Data for this task

________________

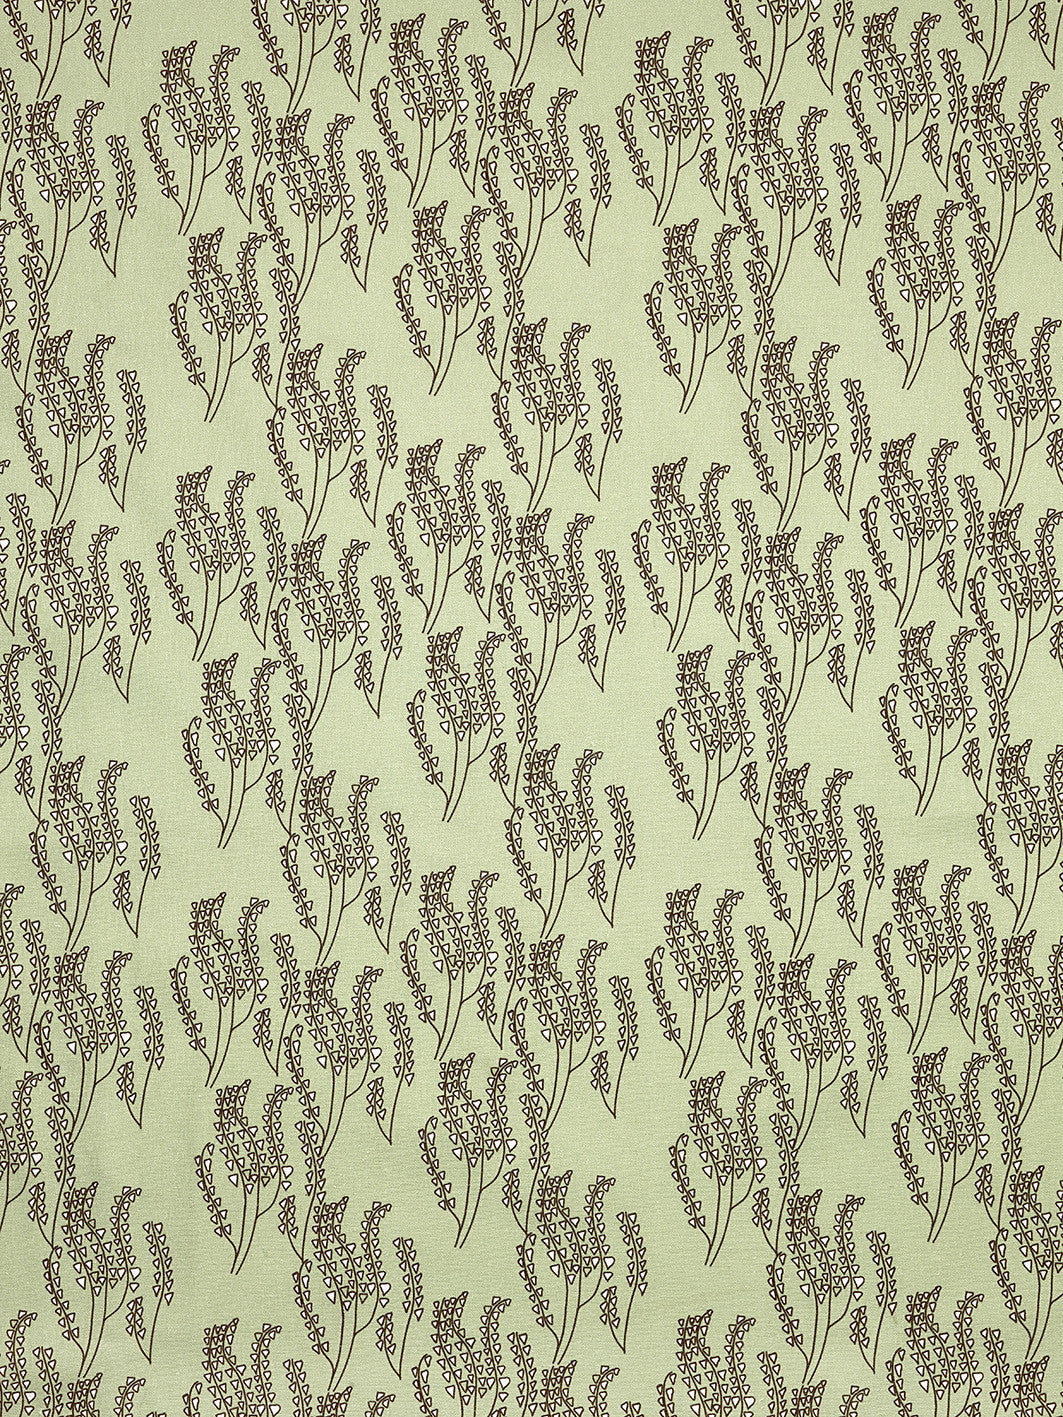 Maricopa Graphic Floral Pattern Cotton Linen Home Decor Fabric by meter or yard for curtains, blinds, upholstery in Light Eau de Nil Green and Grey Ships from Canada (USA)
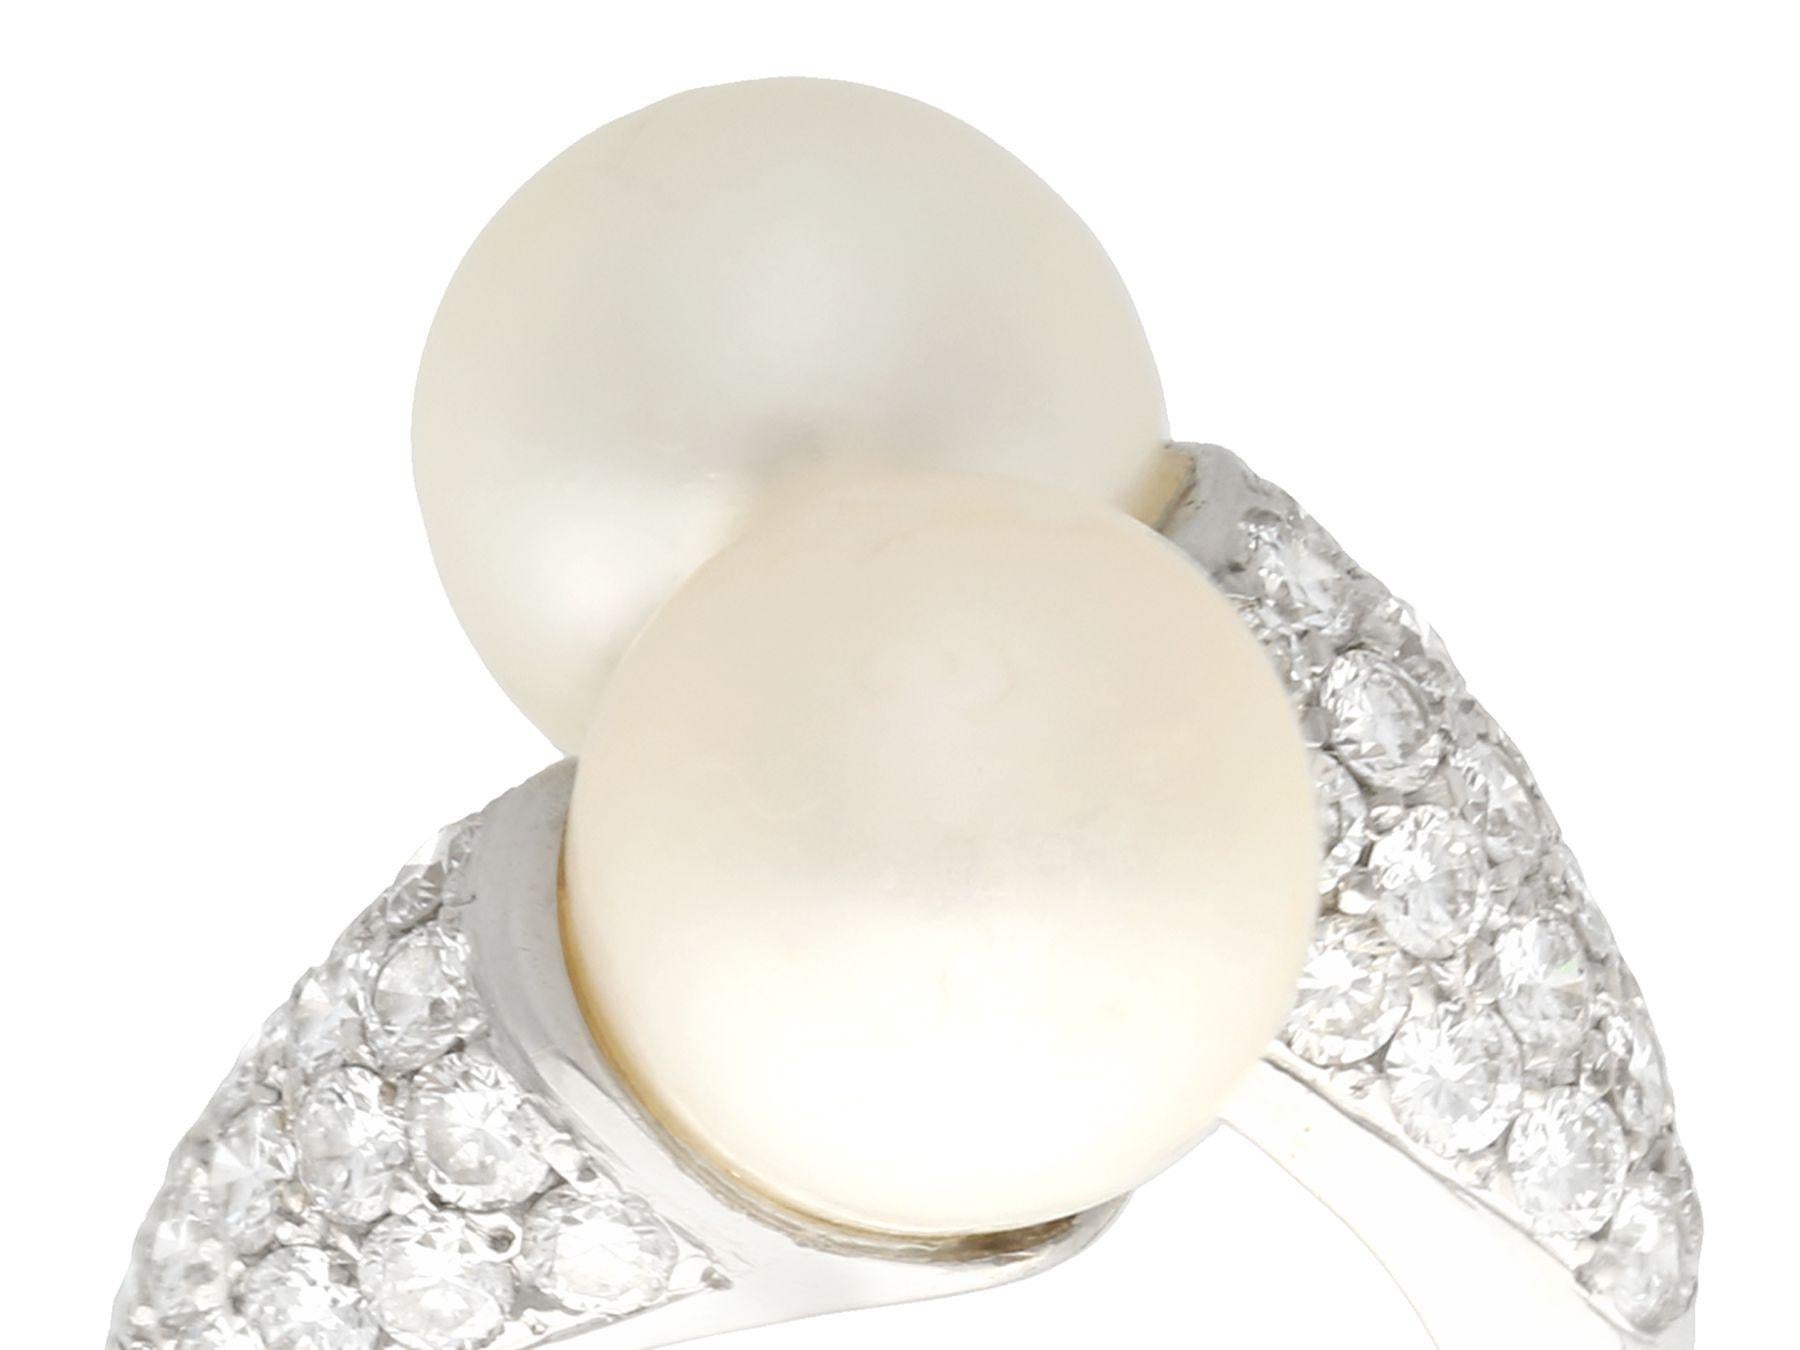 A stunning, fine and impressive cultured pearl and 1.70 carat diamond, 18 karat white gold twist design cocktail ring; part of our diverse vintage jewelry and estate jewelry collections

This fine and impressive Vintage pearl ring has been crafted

________________

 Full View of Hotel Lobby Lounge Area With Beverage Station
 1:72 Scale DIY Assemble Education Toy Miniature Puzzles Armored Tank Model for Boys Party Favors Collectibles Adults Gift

________________

What is expected
From the records above, copy exactly the lines starting at the one with "A stunning, fine" and ending at the one with "This fine and", and no others. Pictures stay out.

Output below
 A stunning, fine and impressive cultured pearl and 1.70 carat diamond, 18 karat white gold twist design cocktail ring; part of our diverse vintage jewelry and estate jewelry collections

This fine and impressive Vintage pearl ring has been crafted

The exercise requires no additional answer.